Builds adjacency graphs for use with RunDMCMC.
Some states are missing from the vtd-adjacency-graphs repository because the Census TIGER 2012 data set contains no VTDs for that state. Kentucky is one of those states, so we'll use it as an example.
As a replacement, we can use Census tracts instead. The same technique can be used to make a graph out of any shapefile. This could be applied to counties (e.g. for Iowa), city wards, strange back-alley precinct geometries... the sky's the limit!
First we'll download the tracts. The Tiger
class in graphmaker.resources
lets us
access Census shapefile URLs as if they were just python objects. We can access
the URL for Kentucky's Census tract shapefiles like this:
from graphmaker.resources import Tiger
kentucky_tracts = Tiger(2012).tract.ky
# or, equivalently (fips)
kentucky_tracts = Tiger(2012).tract['21']
# or, equivalently (full name)
kentucky_tracts = Tiger(2012).tract.kentucky
To download from the url, call download()
and pass the directory
you want to save the shapefiles in. (You may need to make sure the directory exists first.)

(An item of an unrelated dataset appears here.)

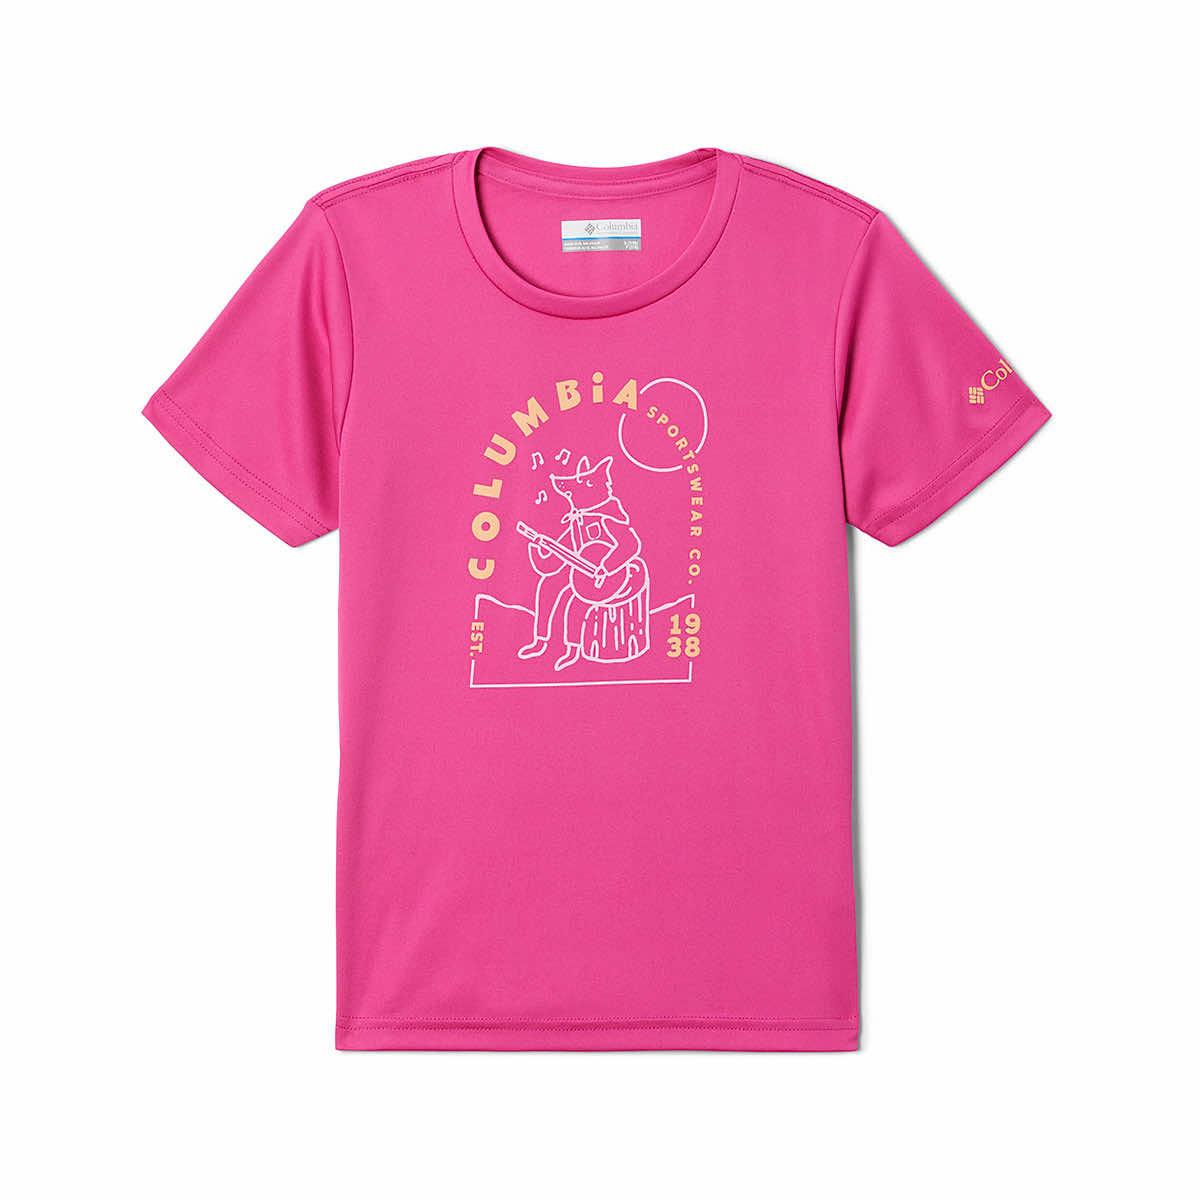  Girls ' Mirror Creek Short Sleeve T- Shirt

kentucky_tracts.download(target='./kentucky/')
The shapefile in the target folder will be named tl_2012_21_tract.shp
. Now
we can make the graph from the shapefile like this:
from graphmaker.graph import Graph
kentucky_queen = Graph.from_shapefile(
'./kentucky/tl_2012_21_tract.shp', adjacency_type='queen')
...This might take a while...
Once it's done, you can view some statistics about the graph like this:
from graphmaker.reports.graph_report import graph_report
print(graph_report(kentucky_queen.graph))

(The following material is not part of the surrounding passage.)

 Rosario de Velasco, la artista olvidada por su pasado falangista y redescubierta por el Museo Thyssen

Lastly (and crucially!), save the graph wherever you want:
kentucky_queen.save('./kentucky/queen.json')
We'll continue with our Kentucky example. First, load your graph from wherever you saved it:
kentucky_queen = Graph.load('./kentucky/queen.json')
Then you can add columns from a shapefile:
kentucky_queen.add_columns_from_shapefile('./kentucky/tl_2012_21_tract.shp',
columns=['ALAND', 'AWATER', 'COUNTYFP', 'STATEFP'])
Or from a CSV (using an imaginary example here):
kentucky_queen.add_columns_from_csv('./votes.csv',
columns=['D_VOTES_2020', 'R_VOTES_2020'],
id_column='TRACT')
By writing id_column='VTD'
, we are signalling that the column with IDs that match the nodes of the
graph (the tract GEOIDs) is 'TRACT'
. Usually this won't be necessary, because the program
will automatically recognize common names like 'GEOID'
or 'ID'
.
The graphmaker.match
module has a function called match
that will use census
block assignment files to try to match 'units' (normally VTDs) to 'parts' (like
congressional districts or state legislative districts). The Block Assignment Files
from the Census have matchings for State Upper and Lower Legislatures included,
so you can run Markov chains even if your state has only one congressional
district.
First we'll load the state adjacency graph from wherever you downloaded it to. We'll use Florida as an example this time.
from graphmaker.graph import Graph
my_state = Graph.load('../graphs/12/queen.json')
from graphmaker.match import match
match(my_state, 'VTD', 'SLDU')
Now we can print all the nodes and verify that the 'SLDU' attribute has been added.
print(my_state.graph.nodes(data=True))
And save, of course:
my_state.save()